■ TASK DETAILS
All lines from the one containing "You Can Amass" through the last line of the listing should be given again exactly, with no pictures.

= = = = =

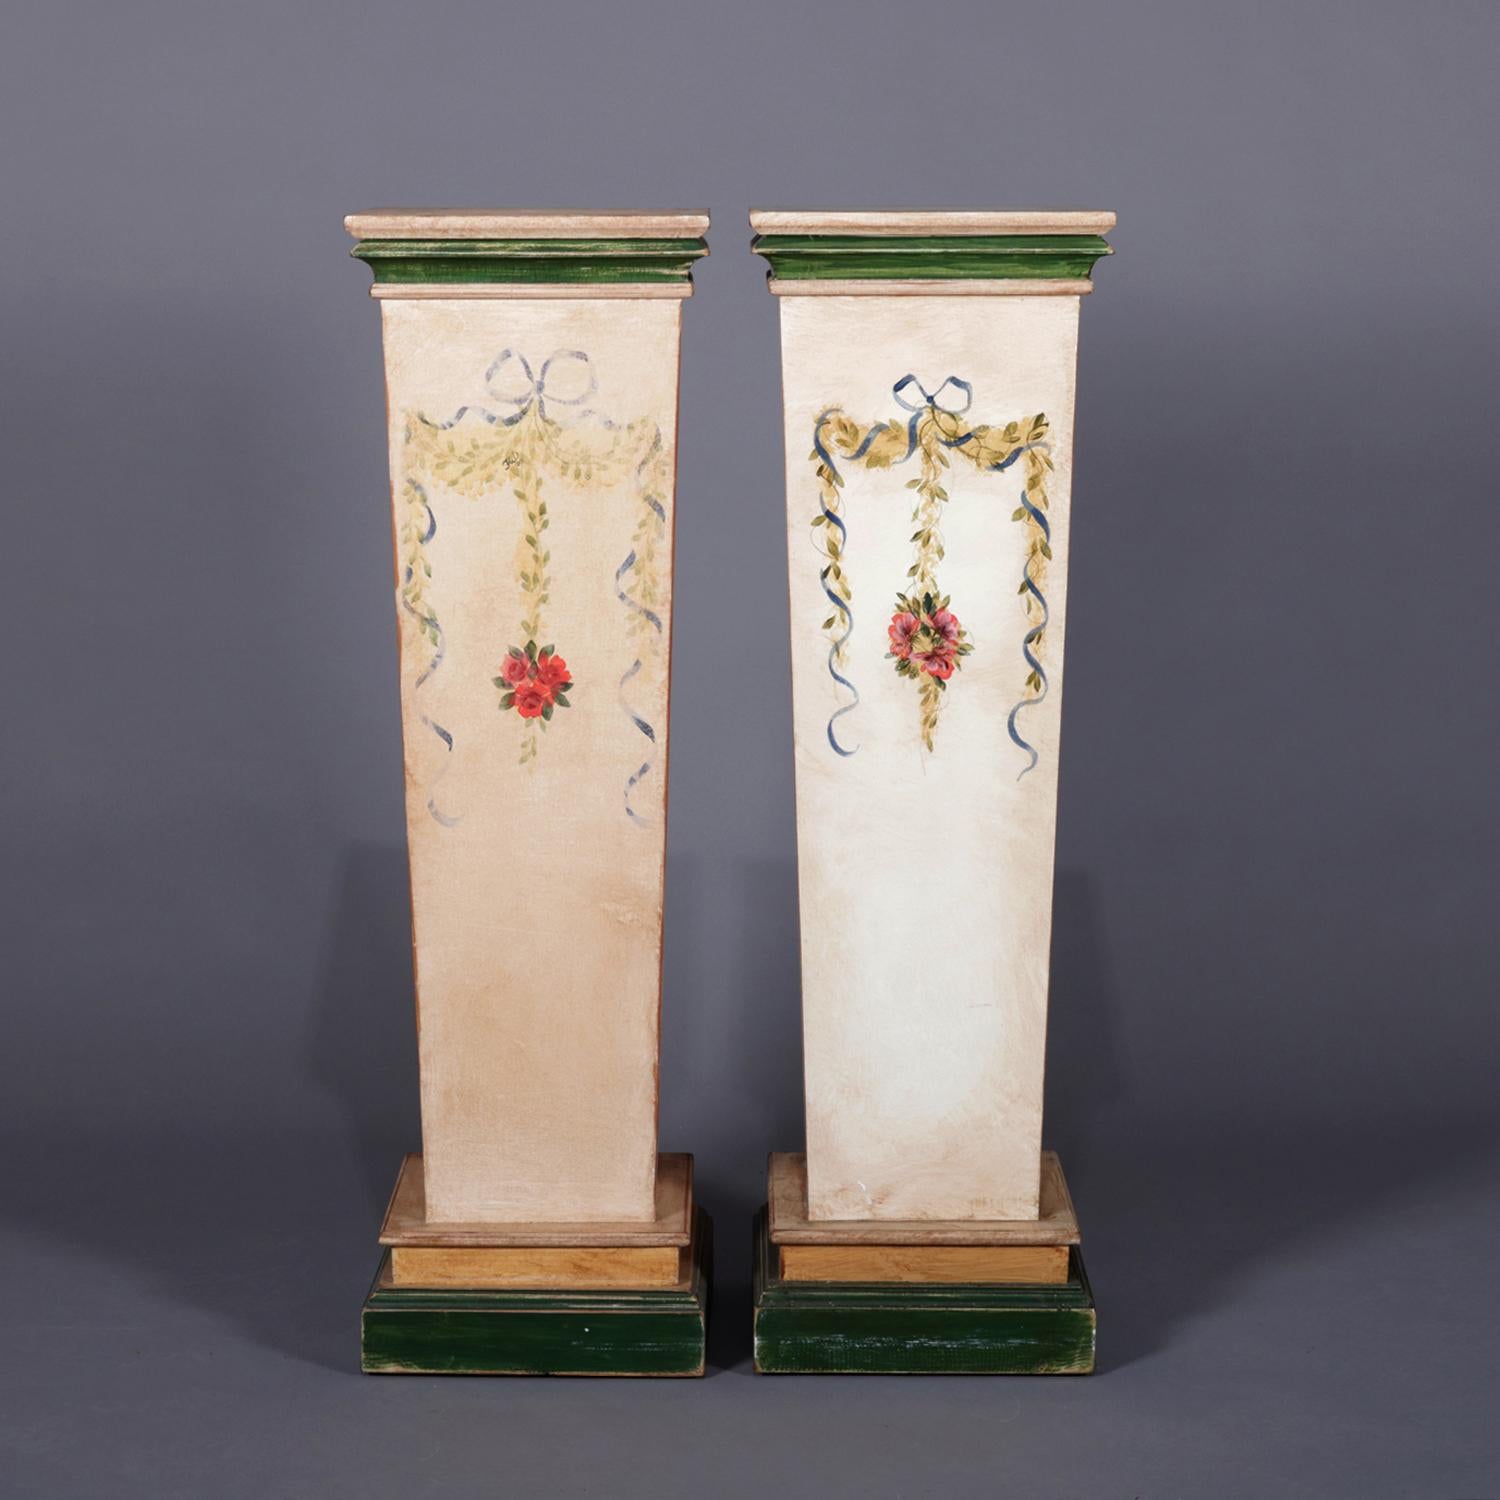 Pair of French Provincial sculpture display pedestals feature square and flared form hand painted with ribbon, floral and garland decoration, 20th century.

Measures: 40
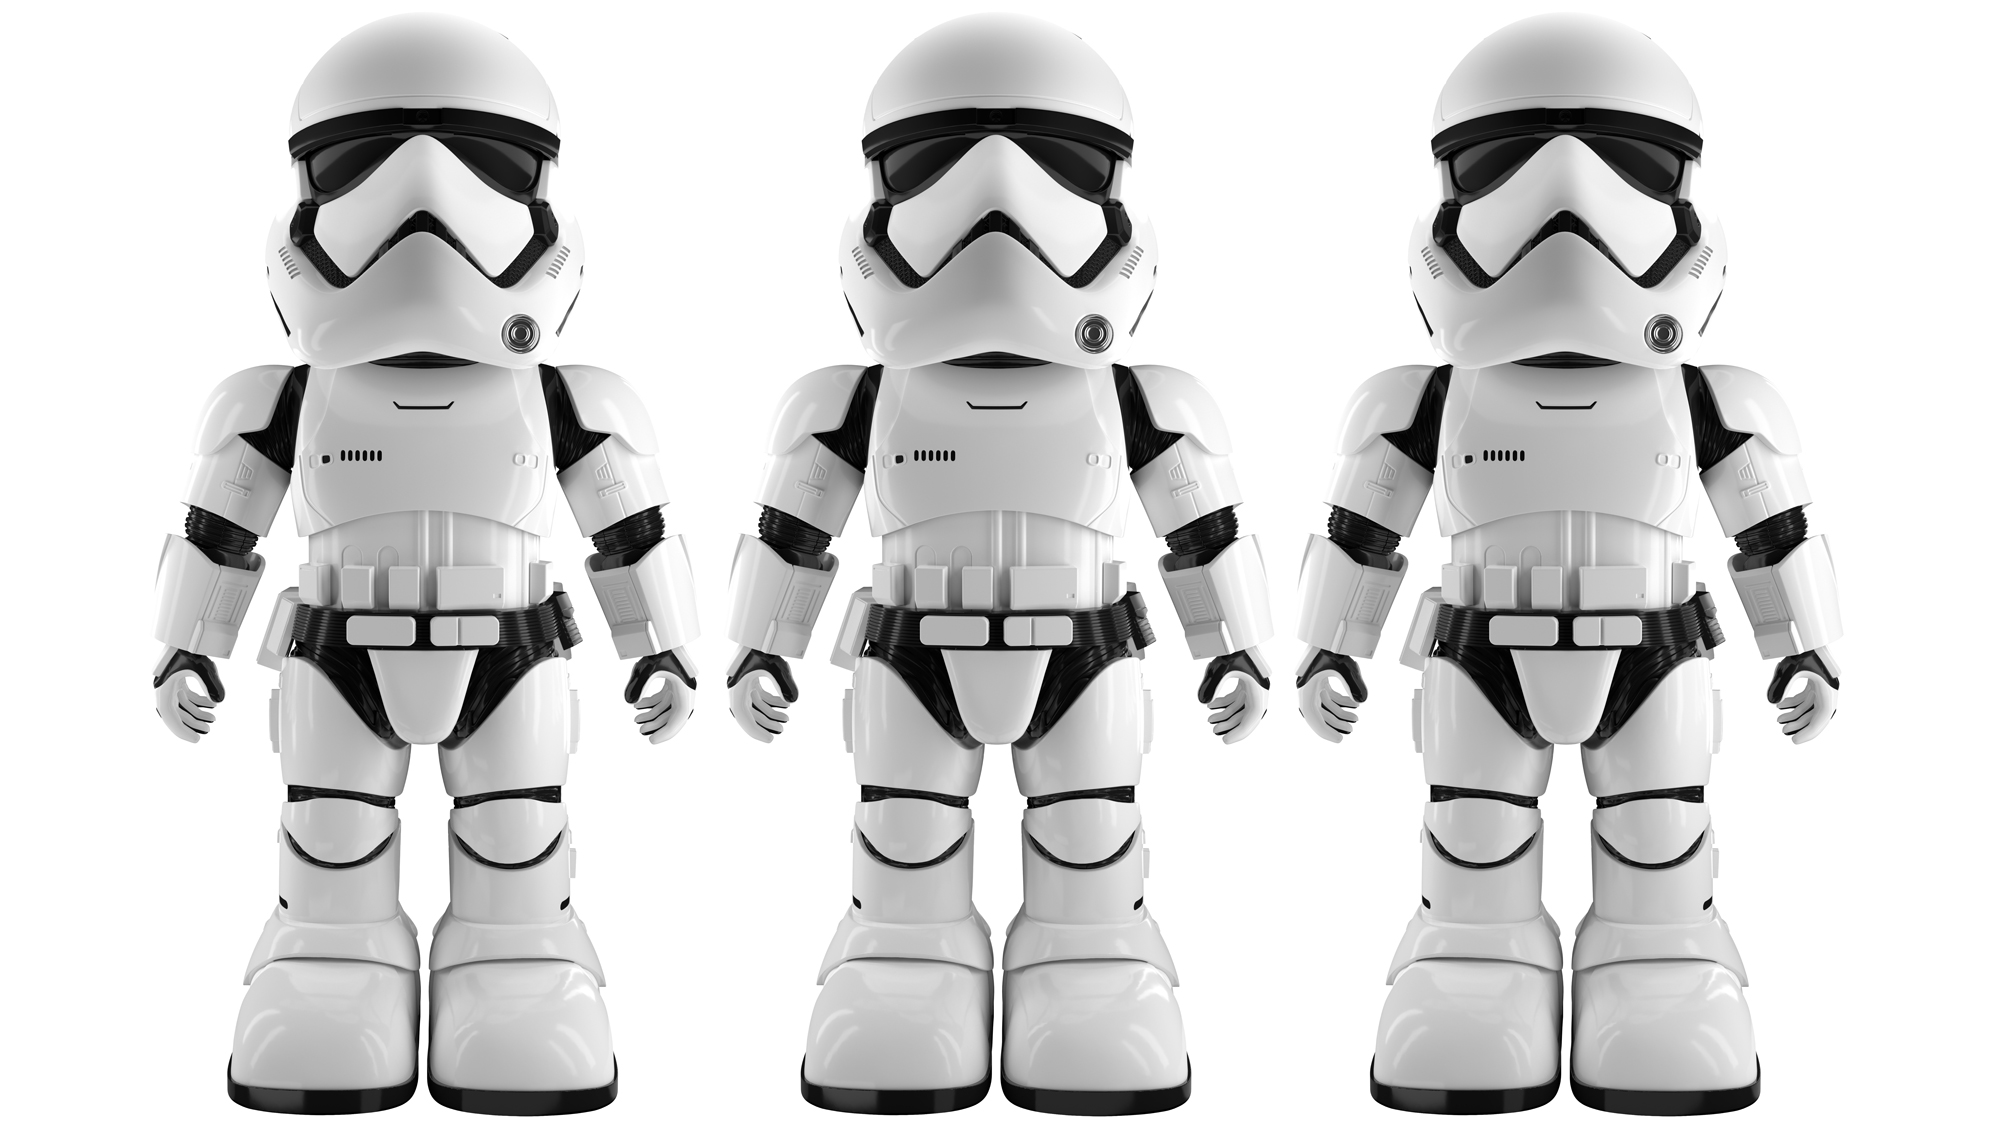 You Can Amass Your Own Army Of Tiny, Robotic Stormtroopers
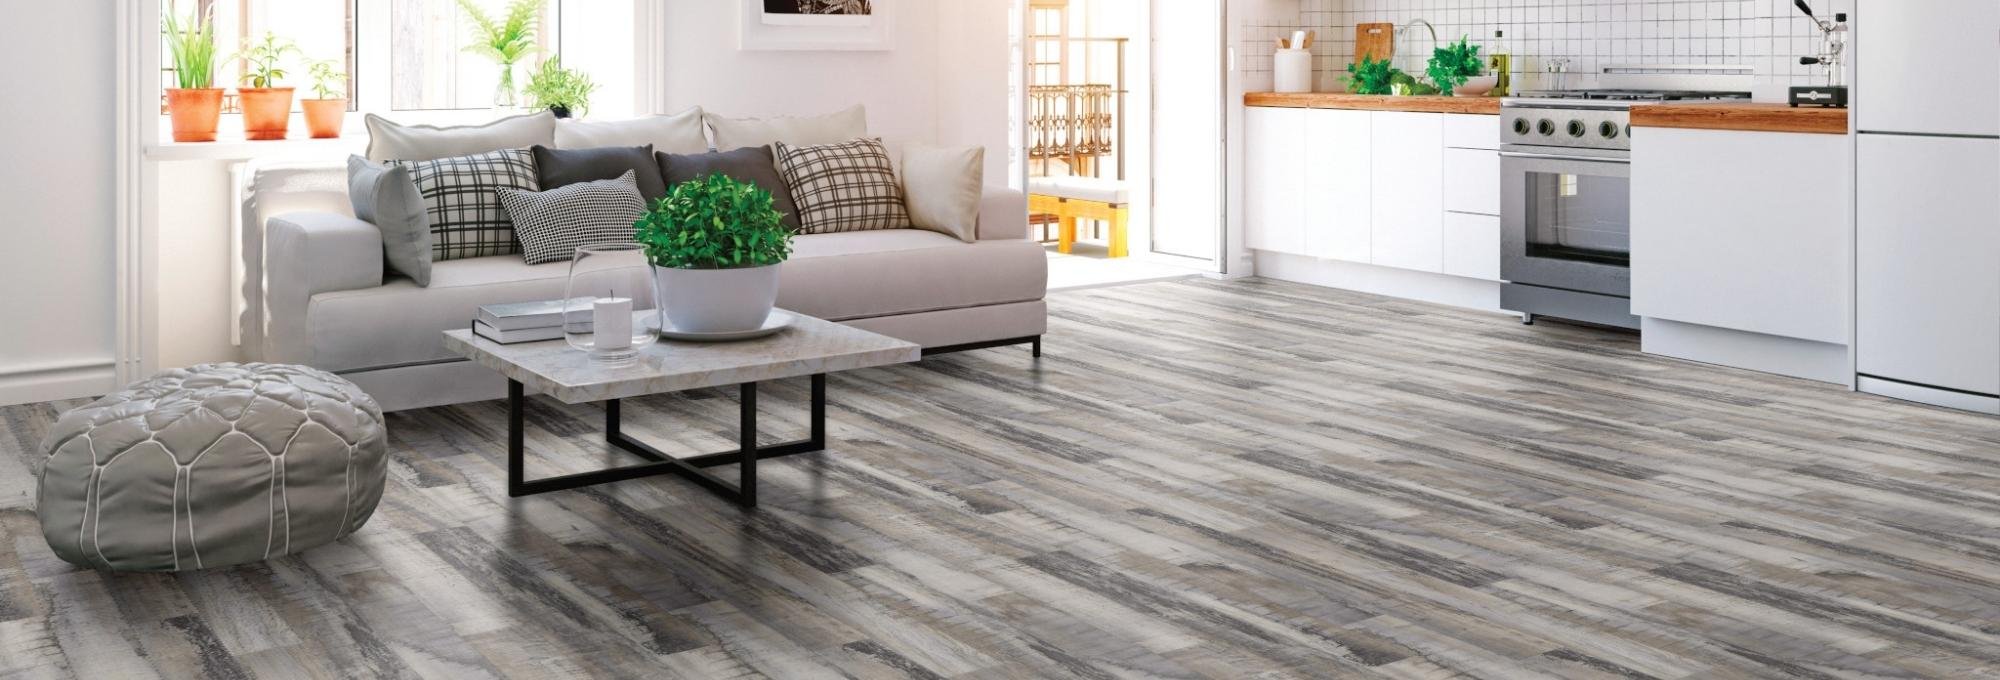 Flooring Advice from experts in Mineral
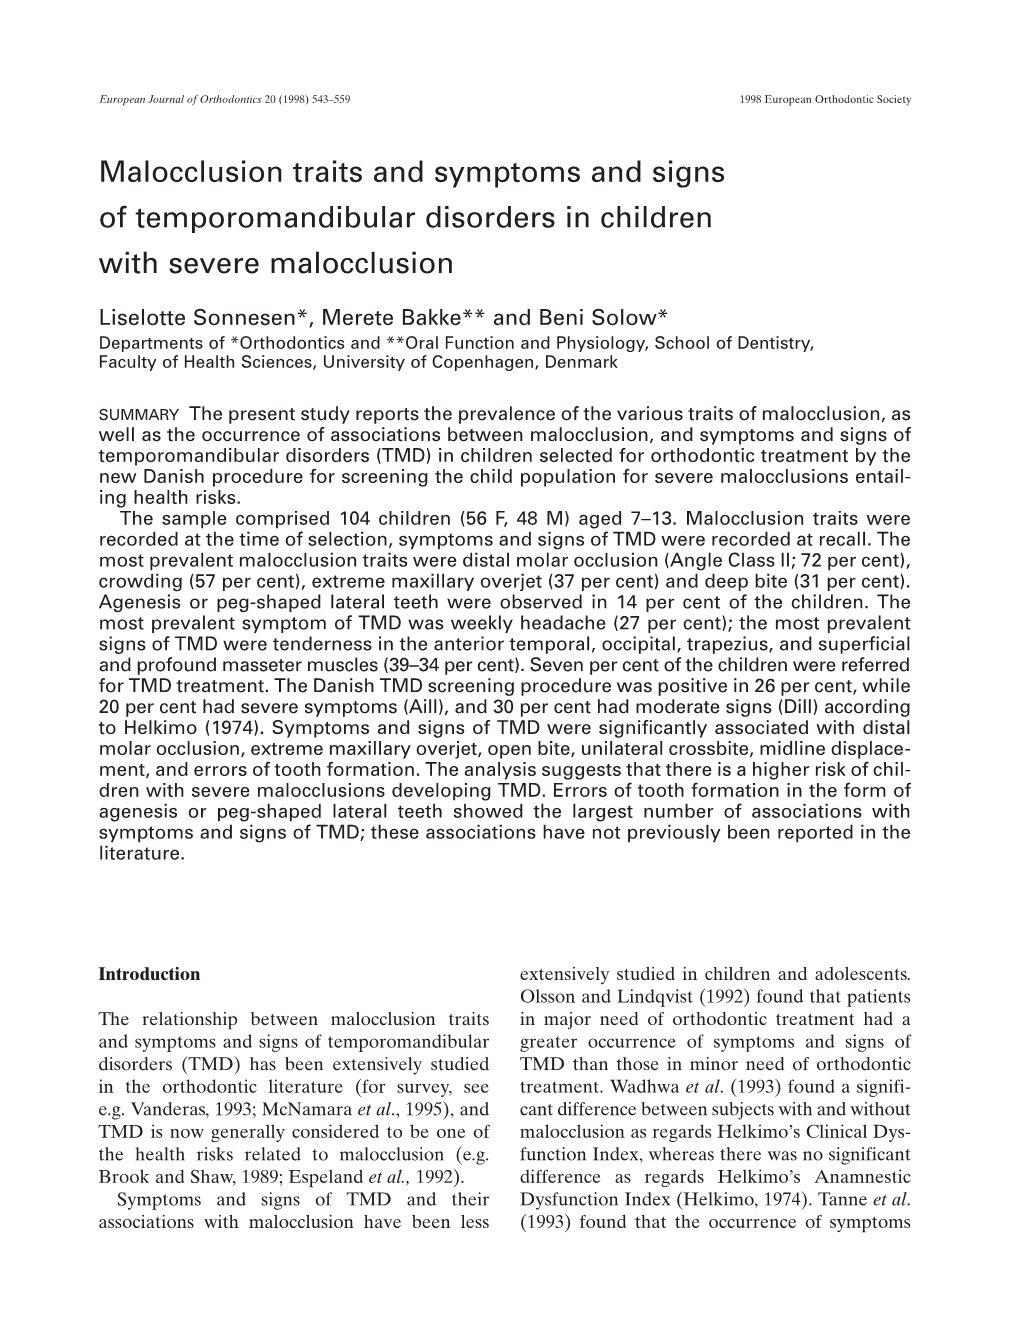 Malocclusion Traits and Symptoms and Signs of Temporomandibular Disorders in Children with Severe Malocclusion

= = = = =

■ OUTPUT BELOW
 You Can Amass Your Own Army Of Tiny, Robotic Stormtroopers
 Flooring Advice from experts in Mineral
 Malocclusion Traits and Symptoms and Signs of Temporomandibular Disorders in Children with Severe Malocclusion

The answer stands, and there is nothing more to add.